Moai are social support groups that start in childhood and last for up to 100 years! They were originally formed to pool the resources of the entire village in order to have funds for public works. Traditionally, groups of about 5 young children were paired together and, at a very young age made a commitment to each other for life. This group became a kind of second family which would meet regularly for both work and play and to provide support to each other as needed.
Dan Buetnner interviewed many Okinawans in their 90s and 100s about the role that their moai had played in their lives.
Gozei Shinzata a lively, active 104 year old described her day:
“In the cool hours of the day she worked in her gardens. At lunch she mixed home made miso into a saucepan of water adding in fresh carrots, radishes, shiitake mushrooms and tofu and let it simmer while she moved up and down the kitchen wiping clean the counter sink and even the windows. When the soup was ready she poured it into a bowl, gazed at it for a few moments, and murmured, “Hara hachi bu”.
This confucian saying, murmured quietly before every meal, reminded her to stop eating when she was 80 percent full. The Okinawans are the only human population that have a self-imposed habit of restricting their daily calories. In the 1300s the book Zazen Yojinki also advised its readers to only eat to two-thirds of their capacity. A Japanese proverb further gets the message home as to why this is a good life time practice:
“Eight parts of a full stomach sustain the man, the other two parts sustain the doctor”. This is a practice most of us could take to heart!
After lunch Gozei would read comic books or watch a baseball game on television and nap.
Neighbours stopped by every afternoon to chat. A couple of days a week her moai - 4 women who, together with Shinzata, had committed to one another for life, stopped by for mugwort tea and conversation. When things had gotten rough in her life, like when she'd run short of cash or when her husband had died 46 years ago, she’d counted on her moai and the Okinawan sense of social obligation - yuimaru - to support her. Her friends had relied on her support in return.

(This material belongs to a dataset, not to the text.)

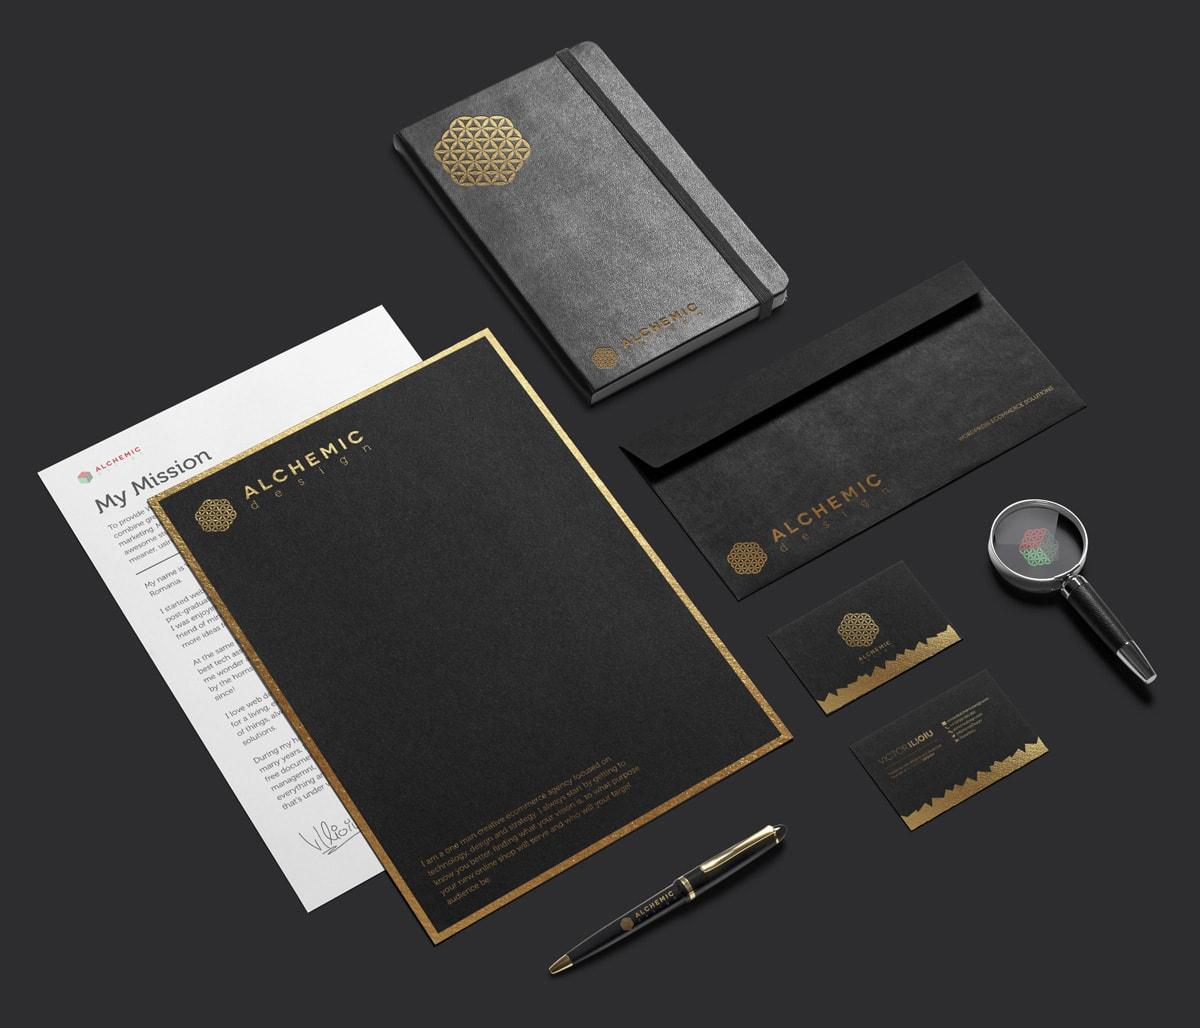 Alchemic Design - the brand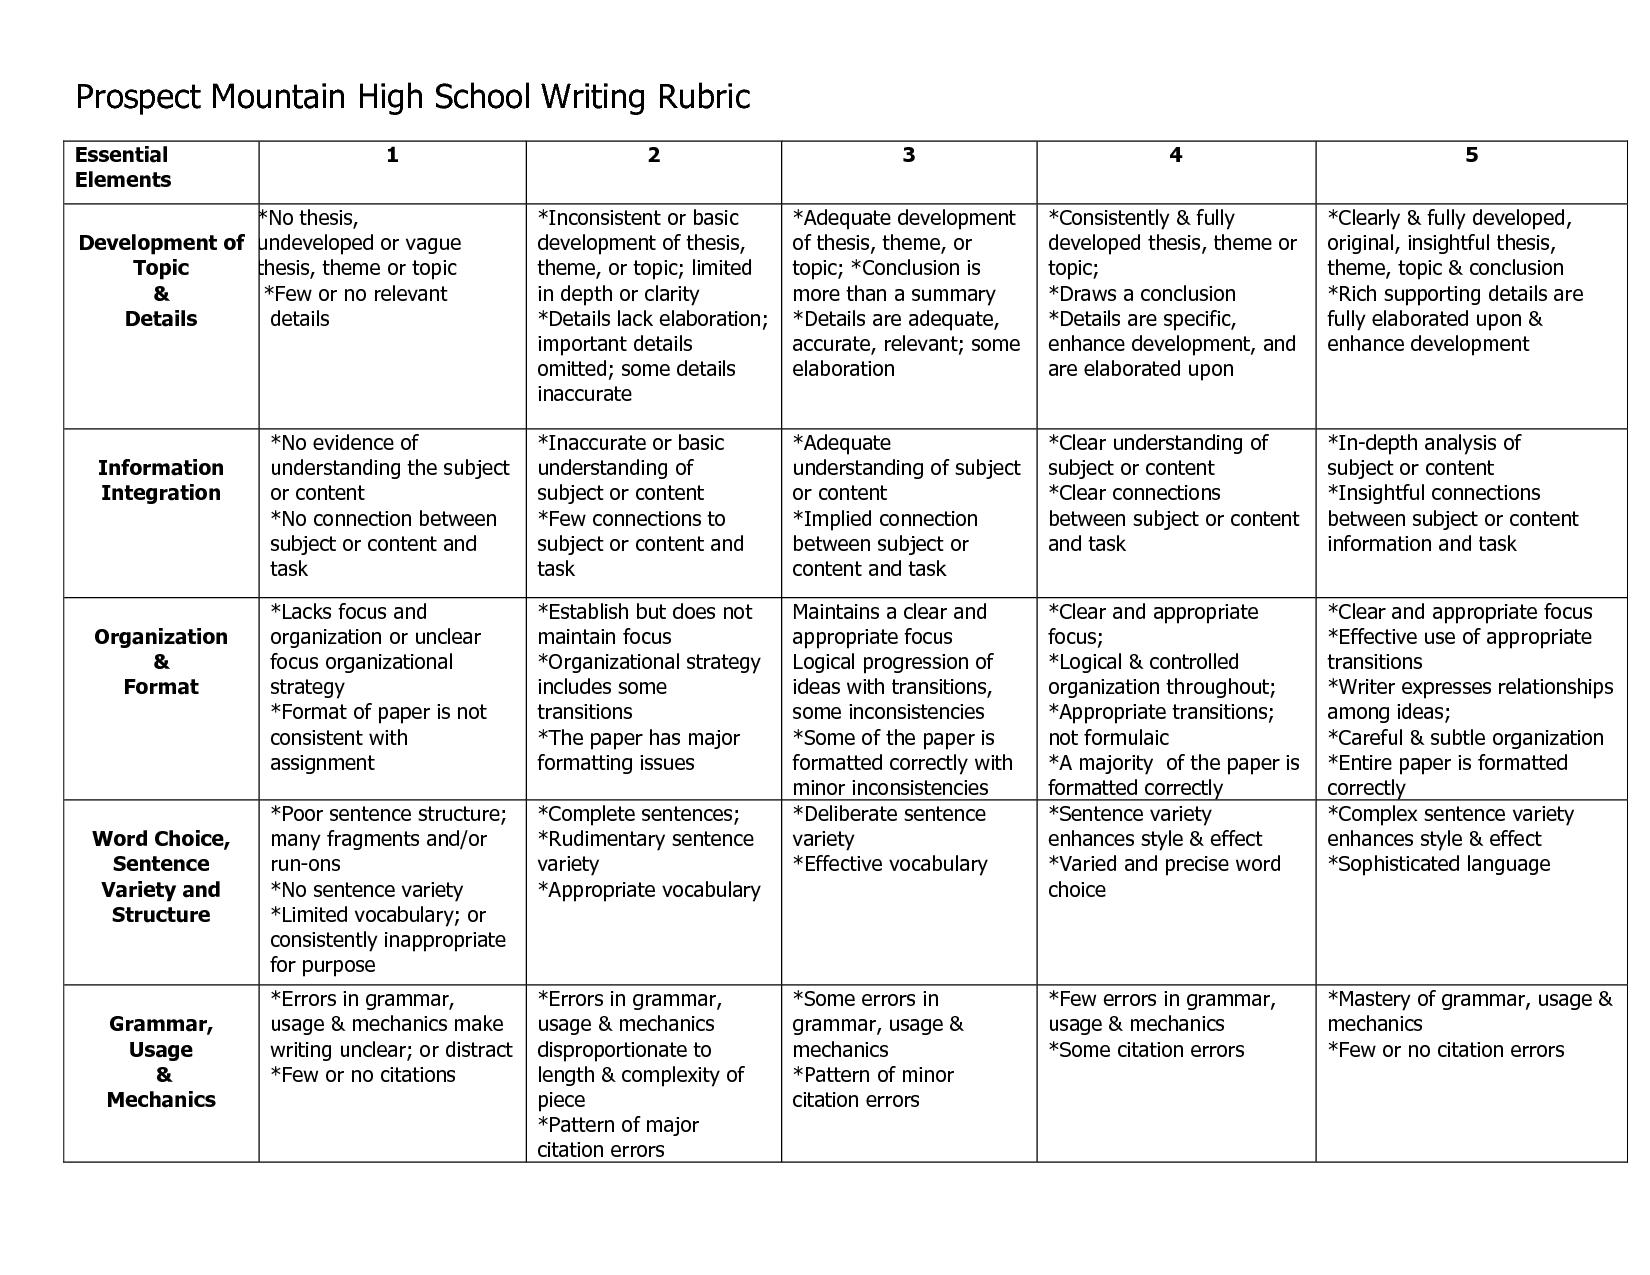 017 Essay Example 3j9glngmae Rubrics In Formidable Writing Holistic For Pdf Rubric Middle School Full

While Okinawans have moais, Sardinians meet with friends each evening for happy hours and Adventists host weekly meals with their congregations . These strong social connections definitely have a positive long term impact on the health and happiness of individuals. What a wonderful practice! We could all try to incorporate some of these ideas into our lives. Invite friends around for homemade soup and a card game for a fun and inexpensive Sunday evening. Or meet with your bikes and go for a ride on the KVR followed by a coffee together. There are so many ways to enrich our lives with others, why not be the first one to make the call? Reach out and ask a colleague or co-worker to do something relaxed with you or the neighbour you have kept meaning to say hello to! What do you have to lose?